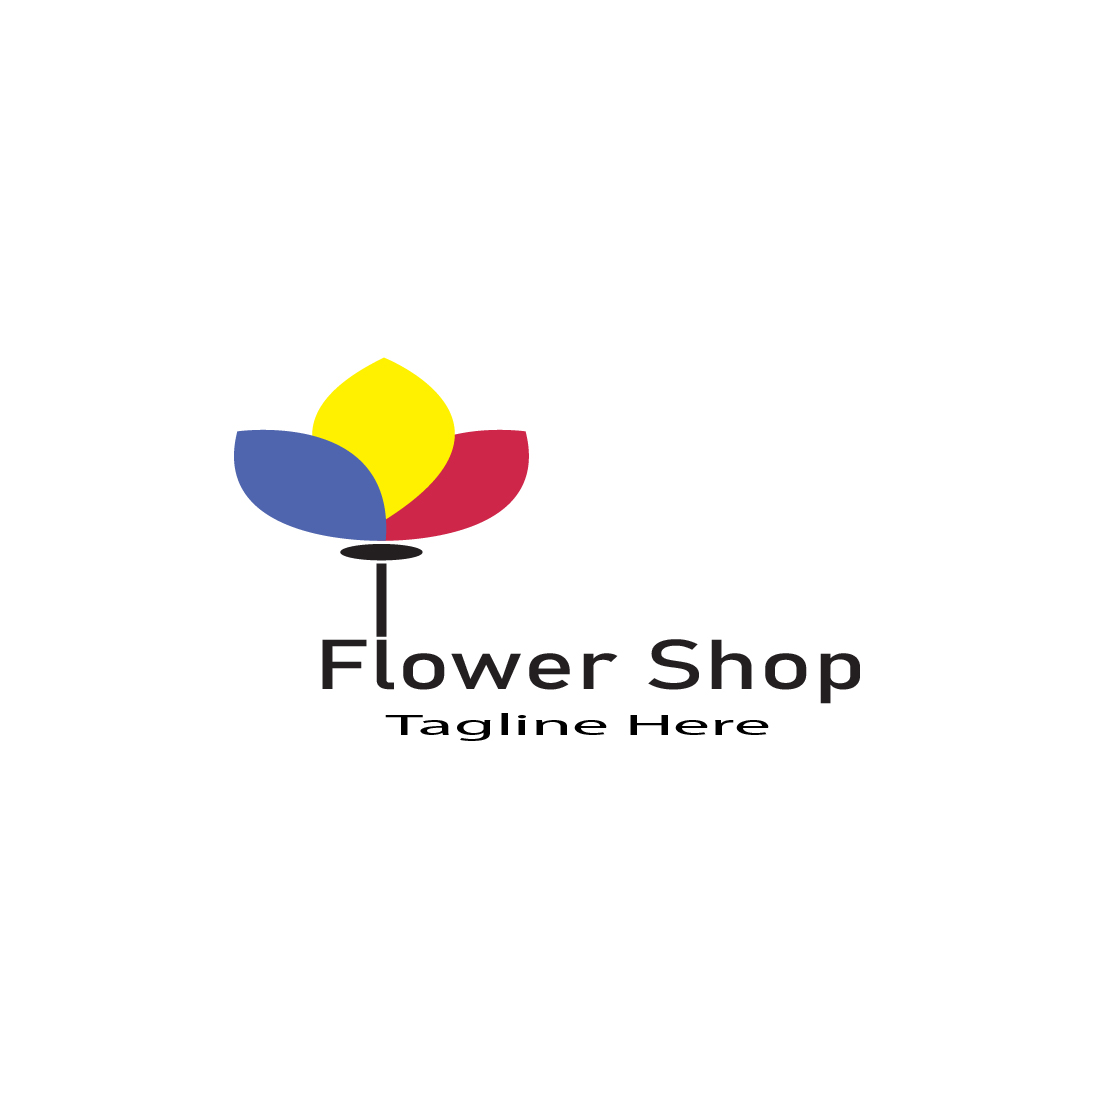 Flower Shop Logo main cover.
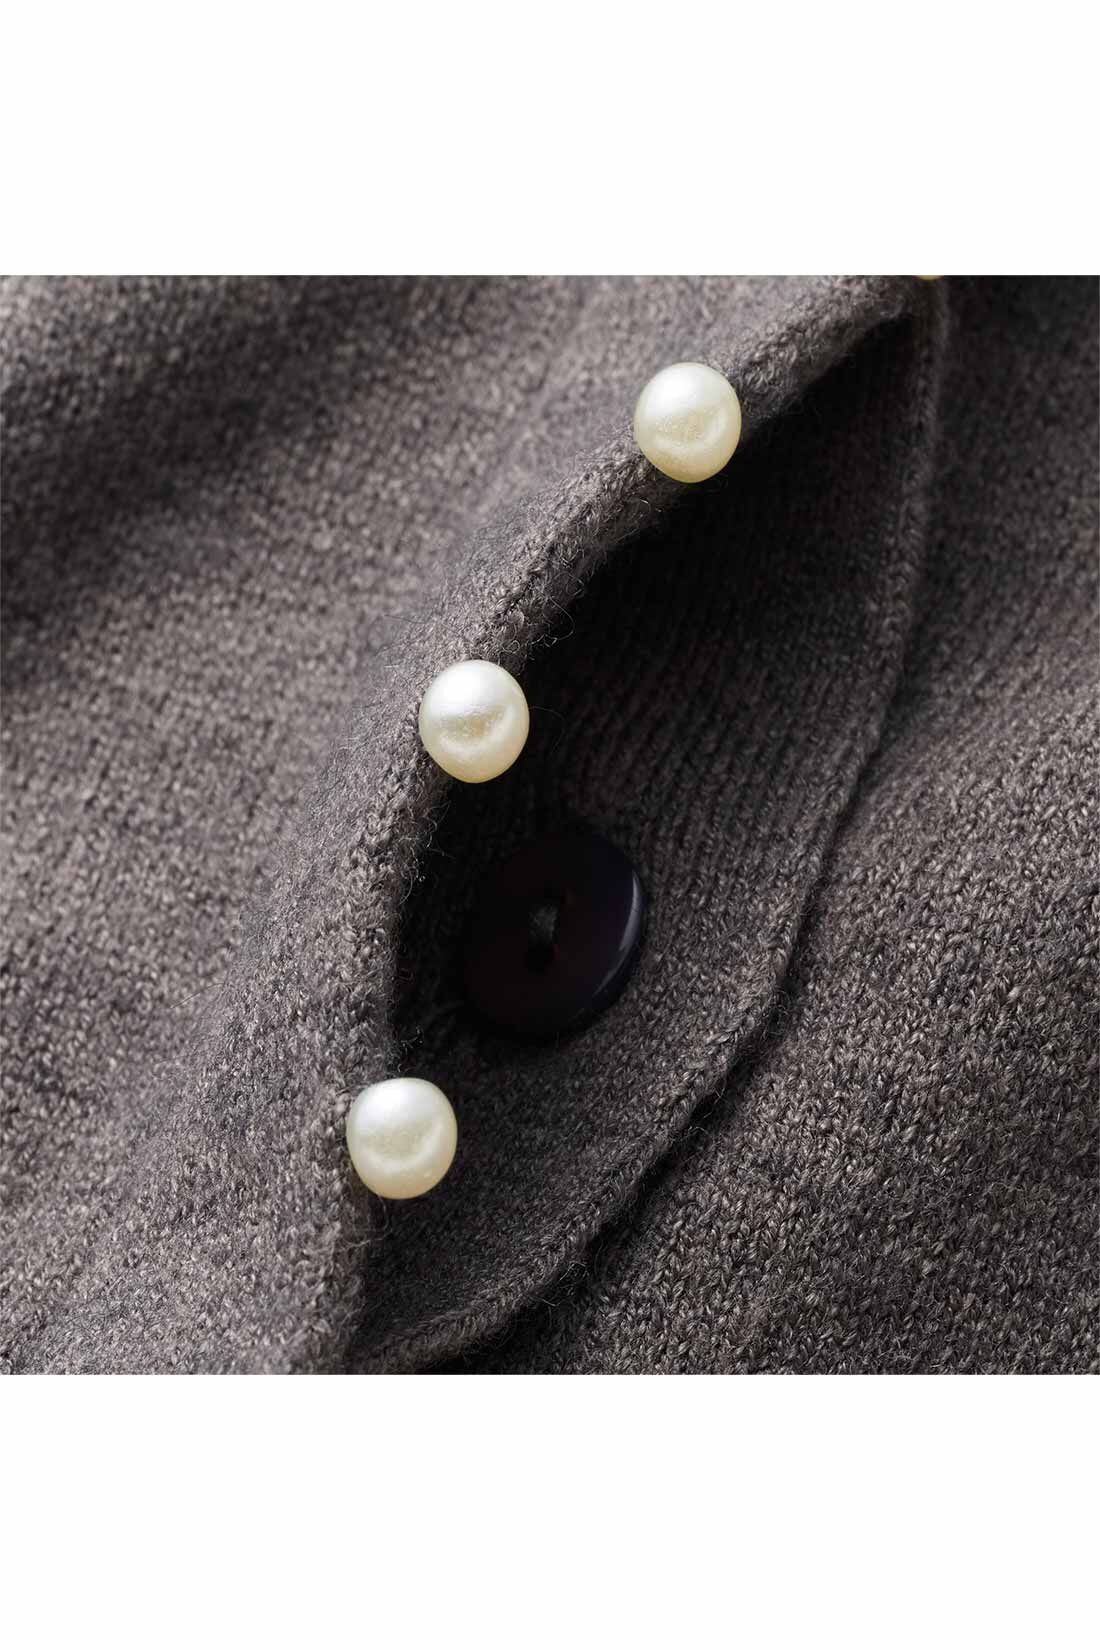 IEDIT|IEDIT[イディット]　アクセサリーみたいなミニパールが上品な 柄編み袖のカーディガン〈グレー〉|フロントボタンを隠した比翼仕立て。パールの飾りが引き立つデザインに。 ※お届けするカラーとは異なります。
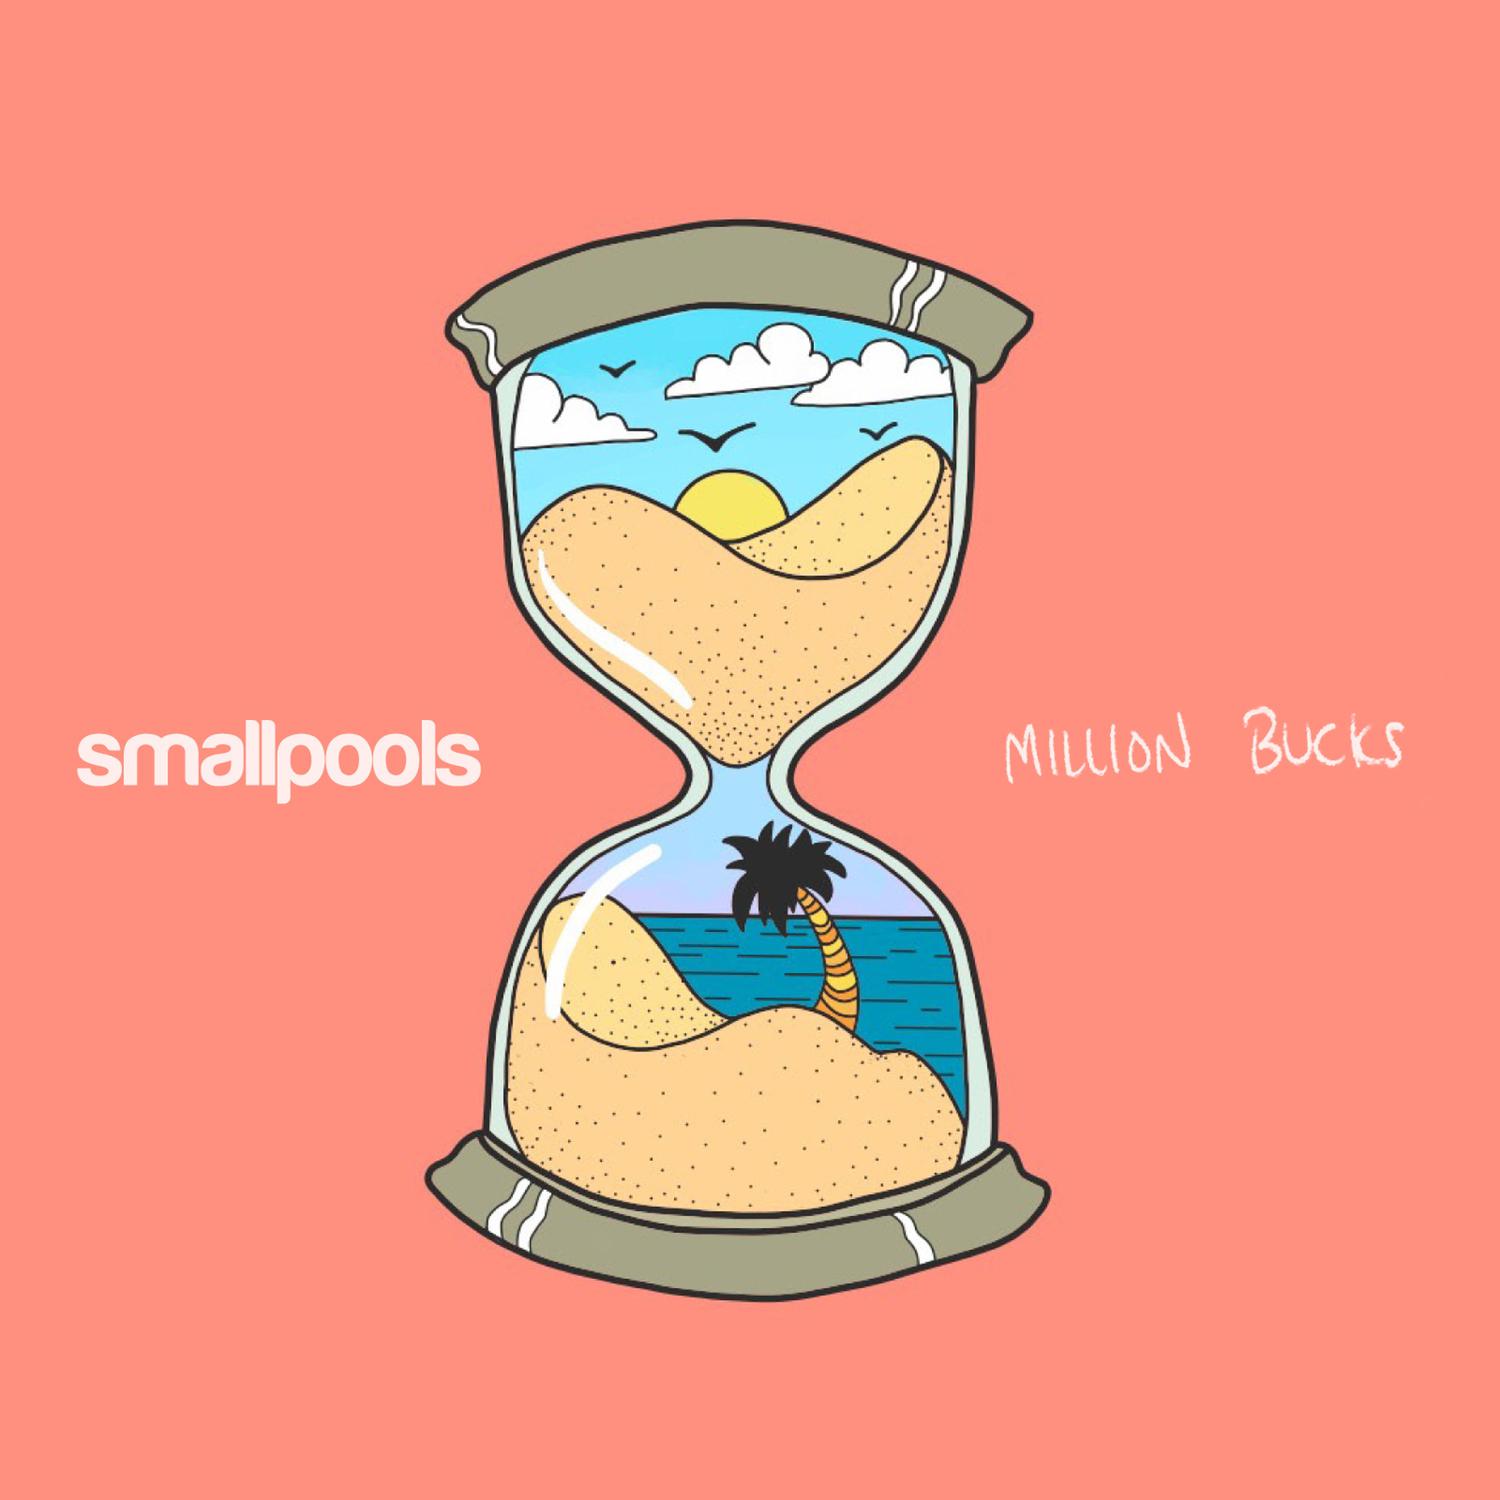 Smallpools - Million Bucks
####################
Exercise directions: Everything in the data must be printed verbatim except the pictures.

Written response:
 Flower Shop Logo main cover.
 IEDIT|IEDIT[イディット]　アクセサリーみたいなミニパールが上品な 柄編み袖のカーディガン〈グレー〉|フロントボタンを隠した比翼仕立て。パールの飾りが引き立つデザインに。 ※お届けするカラーとは異なります。
 Smallpools - Million Bucks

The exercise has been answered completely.